#### The problem
Every line of the records that holds the word "Bureau" should be copied.

#### Data
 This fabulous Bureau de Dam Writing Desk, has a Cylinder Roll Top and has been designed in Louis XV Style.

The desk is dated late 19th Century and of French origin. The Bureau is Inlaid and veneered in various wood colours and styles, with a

---

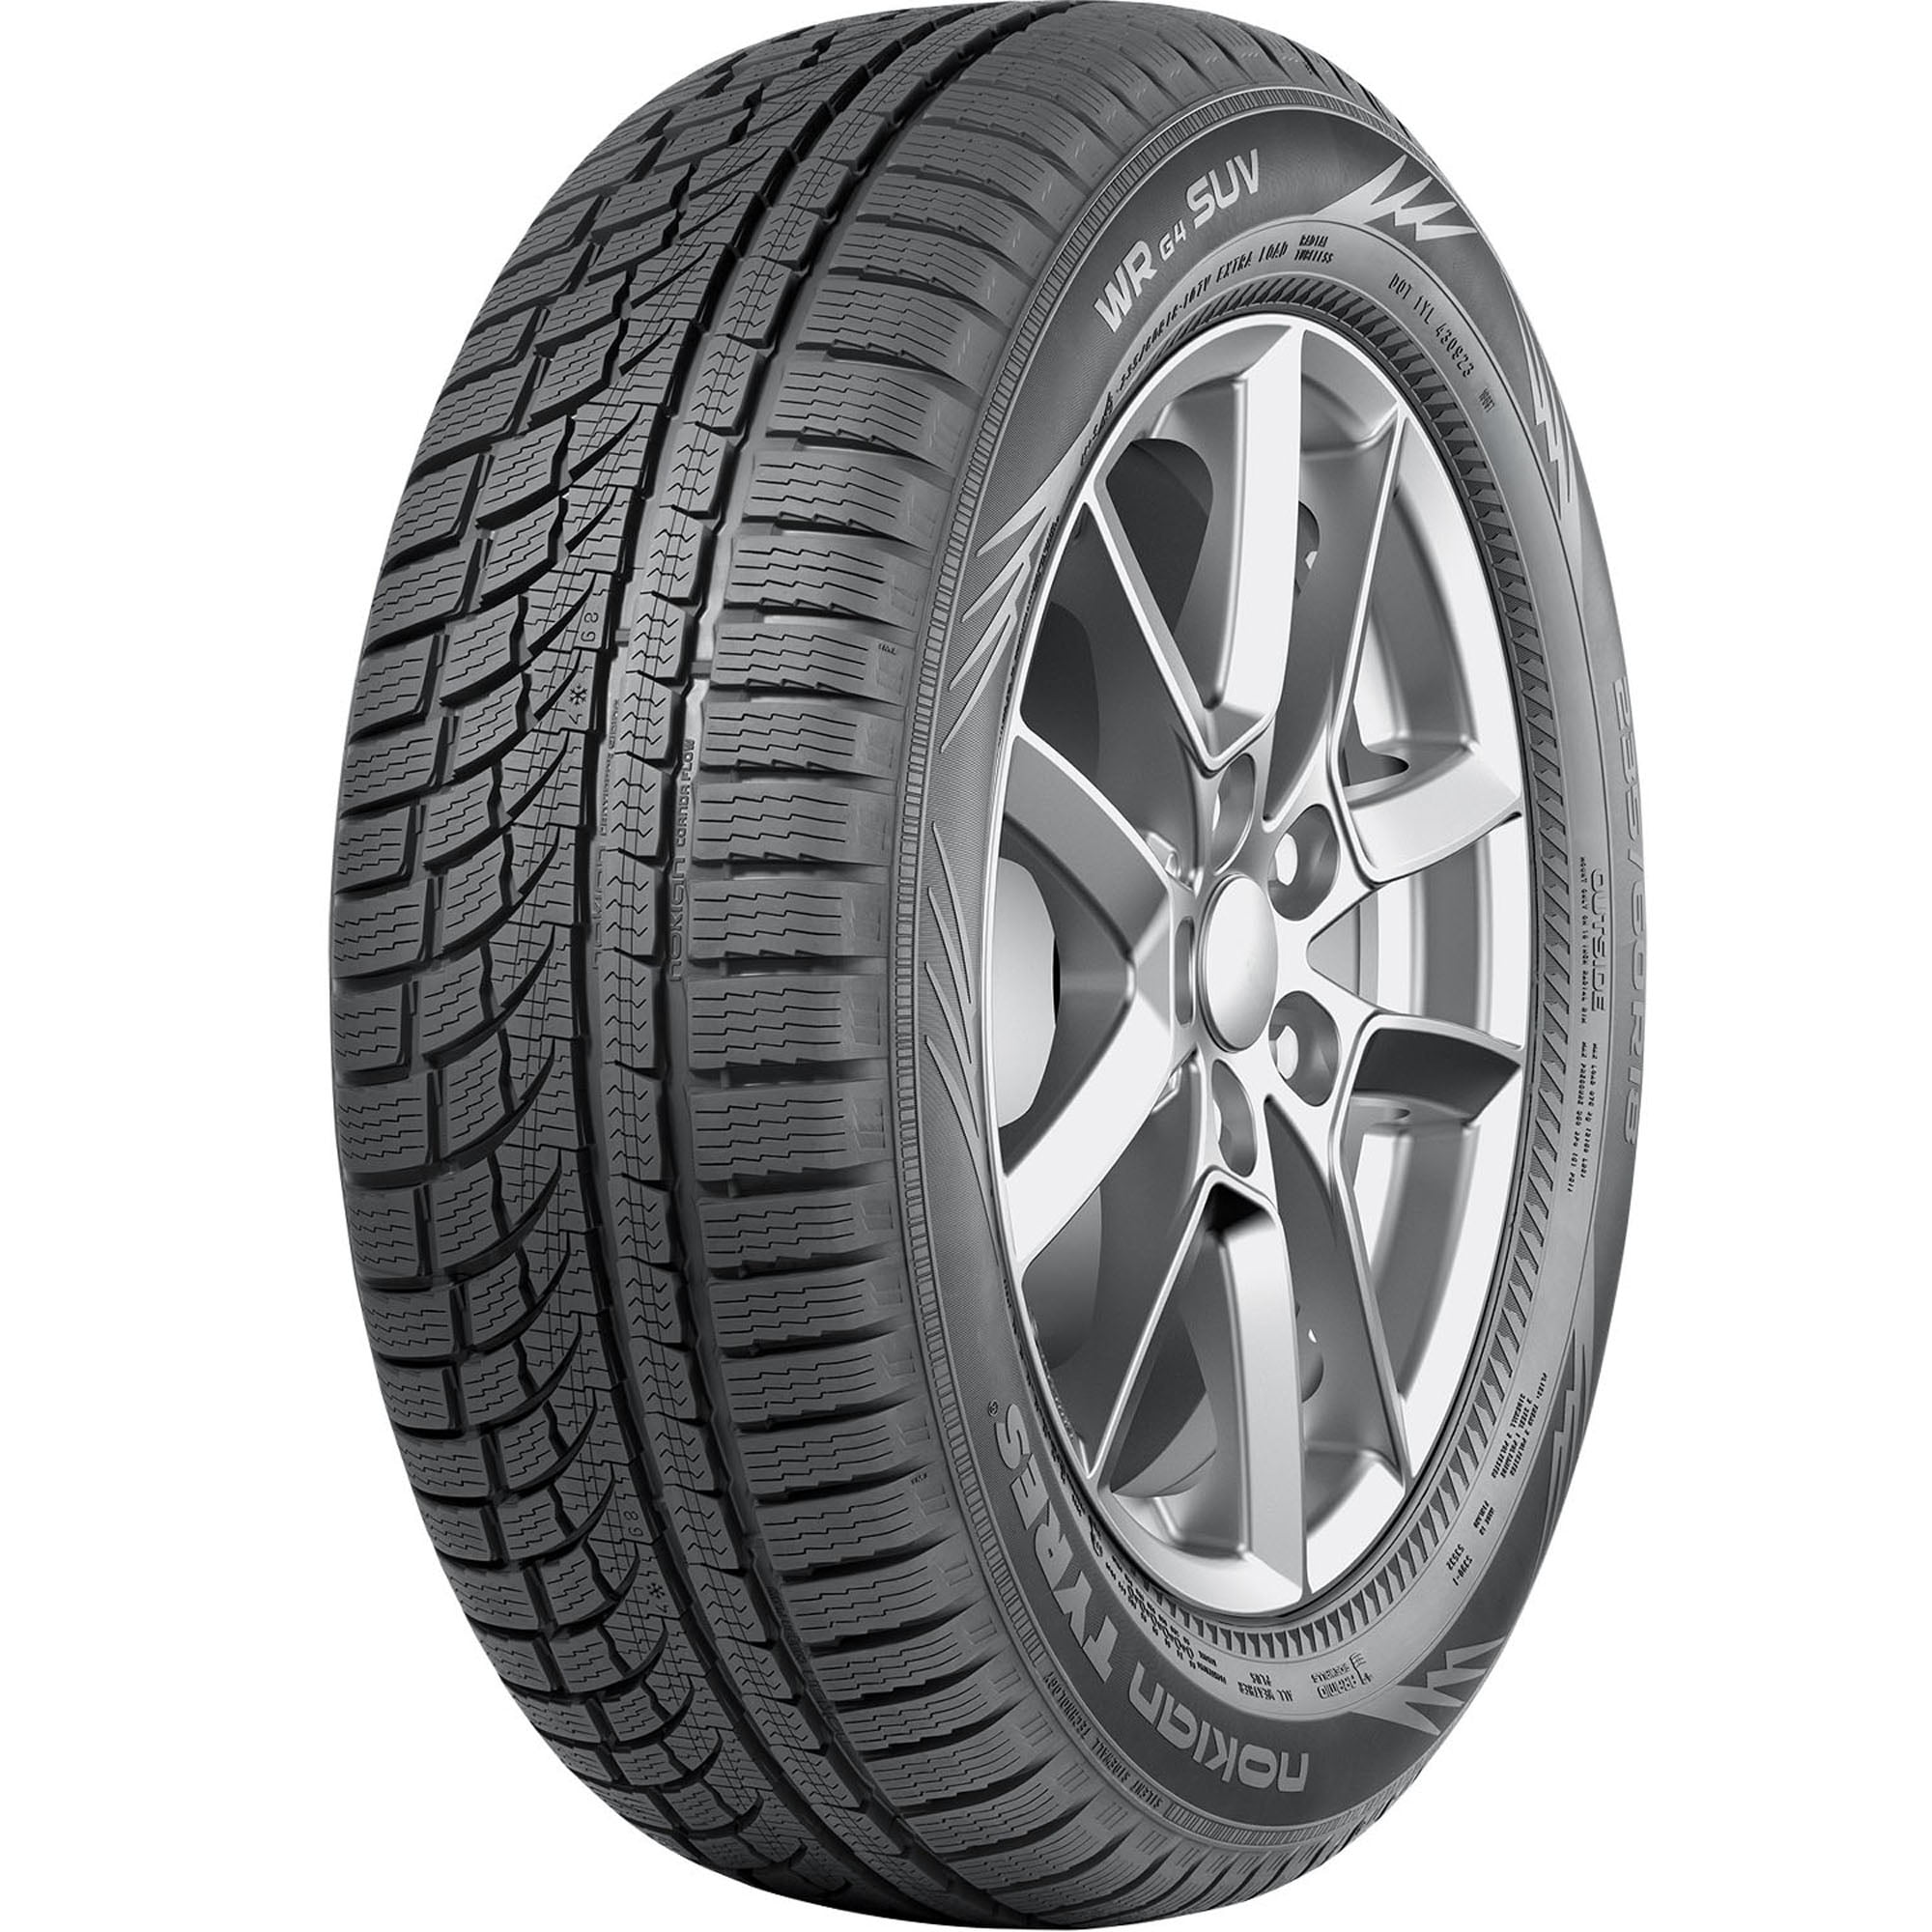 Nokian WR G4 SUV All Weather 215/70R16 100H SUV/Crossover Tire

#### Result for this task
 This fabulous Bureau de Dam Writing Desk, has a Cylinder Roll Top and has been designed in Louis XV Style.
The desk is dated late 19th Century and of French origin. The Bureau is Inlaid and veneered in various wood colours and styles, with a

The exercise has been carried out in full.